I want to write a book someday, I’ll worry about the blogging and social media stuff then.
I’m too busy.
The thing about busy is that lazy and procrastination are closely related. They all live in a family called resistance, the kinship opposing our growth and change. Your ego loves the tales they spin, except when it comes to the other people you take care of or the things you’re doing that are keeping you stuck, then you’re available all the time.
By definition a plan means that you have set an intention. It means you have made a decision to take action to get jobs, be visible and get yourself out there. A plan may look pretty on paper but it’s only as effective as the person it’s handed to. All the coaxing, nudging and positive encouragement in the world won’t work until you commit to do what it really takes.

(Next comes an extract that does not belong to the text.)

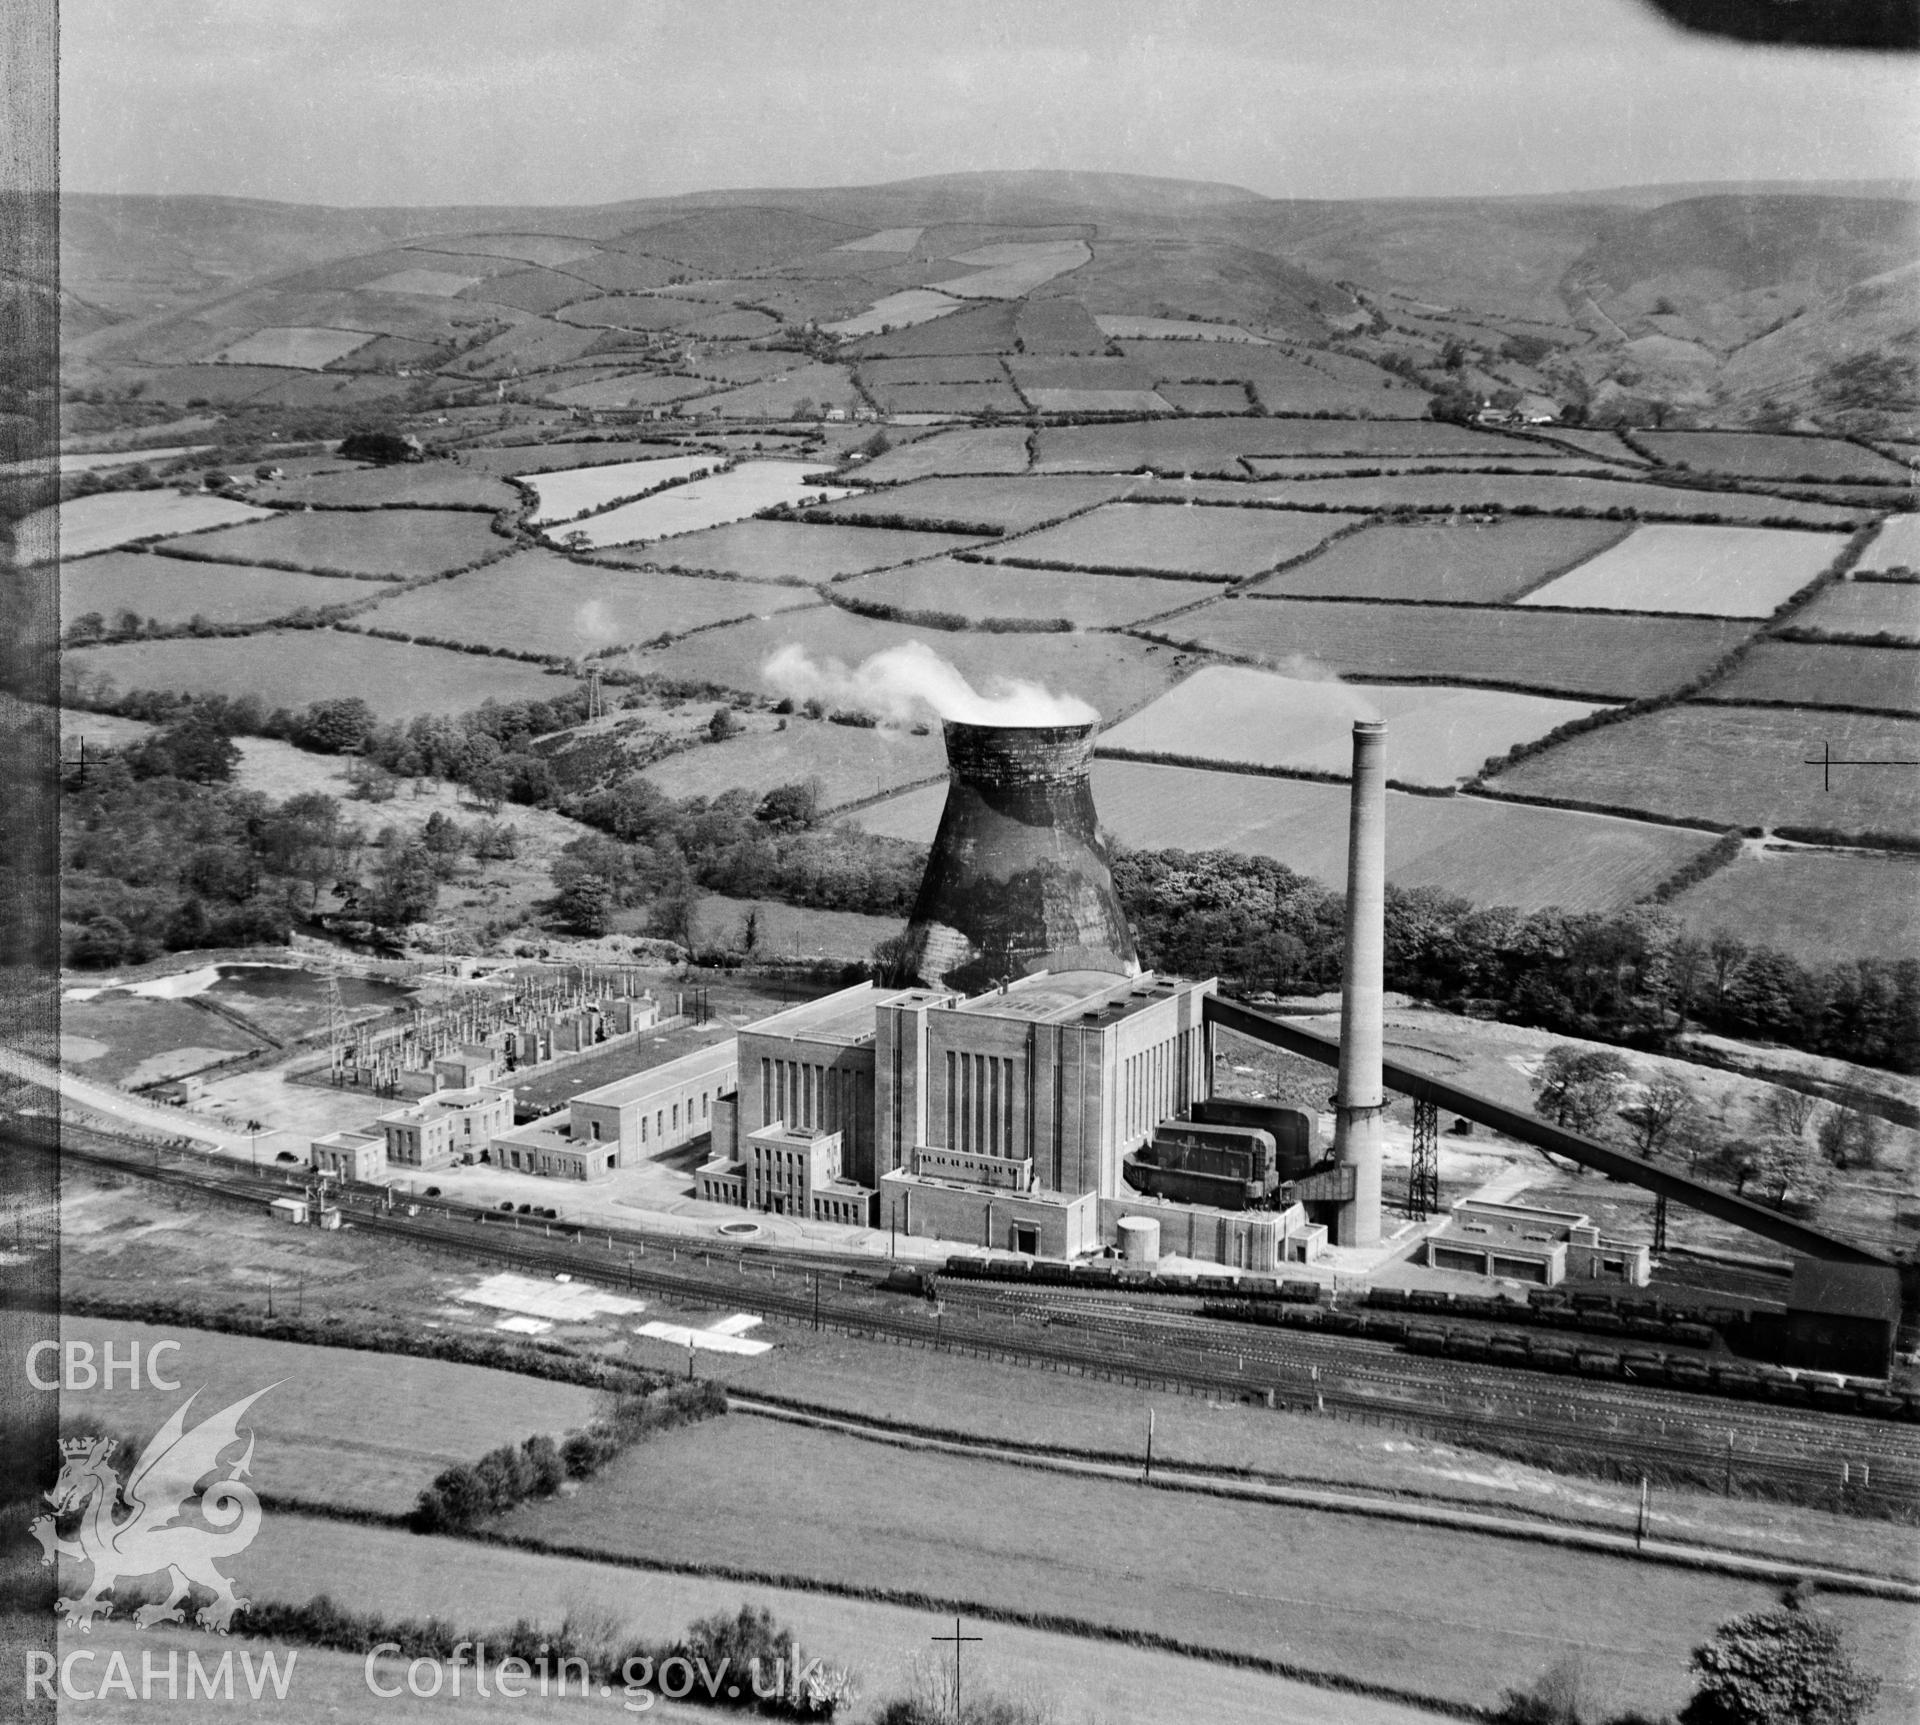 View labelled "South Wales Electric Power Co Bridgend Site", showing Llynfi Valley Power station with camoflaged cooling tower.
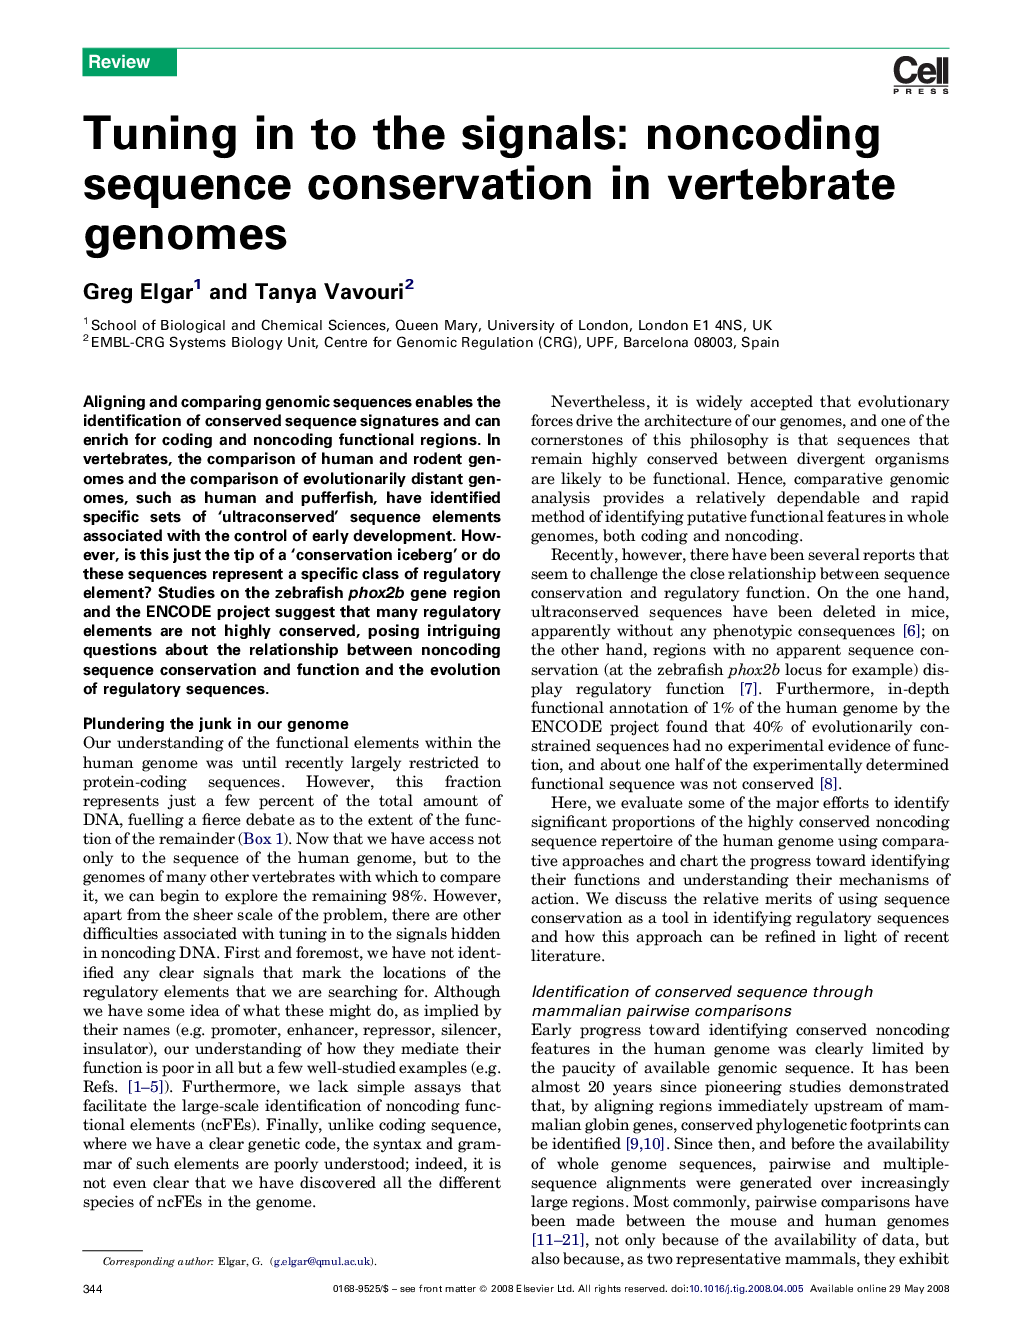 Tuning in to the signals: noncoding sequence conservation in vertebrate genomes

If you keep telling yourself the story of how you don’t have time to, if you don’t decide to manage your calendar, to make space for the jobs and to take the steps that will stake your claim as a leader, no plan, no matter how thorough will help you.
Resistance is sludge, which means it often takes a shock of truth to get you back in flow. But that old saying about the truth was right: it hurts. My marketing plans are built on inspired action and change. Depending on how resistant you are while you’re making those changes and how resistant you are to taking responsibility for being stuck, you may find yourself shocked, often.
Because the thing about plans is that they don’t unfold while you’re faking it. Plans involve a lot of little actions, strategic ones, pursued over time. They respond to the energy of committed action, to baby steps. Interestingly, that’s when they get a little easier, when the unexpected happens to accelerate them, but not a second before then.
It’s kind of like saying that you want to lose 15 pounds eating cupcakes for breakfast, lunch and dinner. Good luck with that!
What it means to market has changed dramatically in the last decade—heck in the last year—and it will change again. And guess what? If you’re looking for shortcuts, you’re probably not in it to win it for the long haul. Because a really good marketing plan, the right marketing plan, a plan that is made to fit your business demands authenticity. It demands work. It demands real and true communication that results in relationships built over time.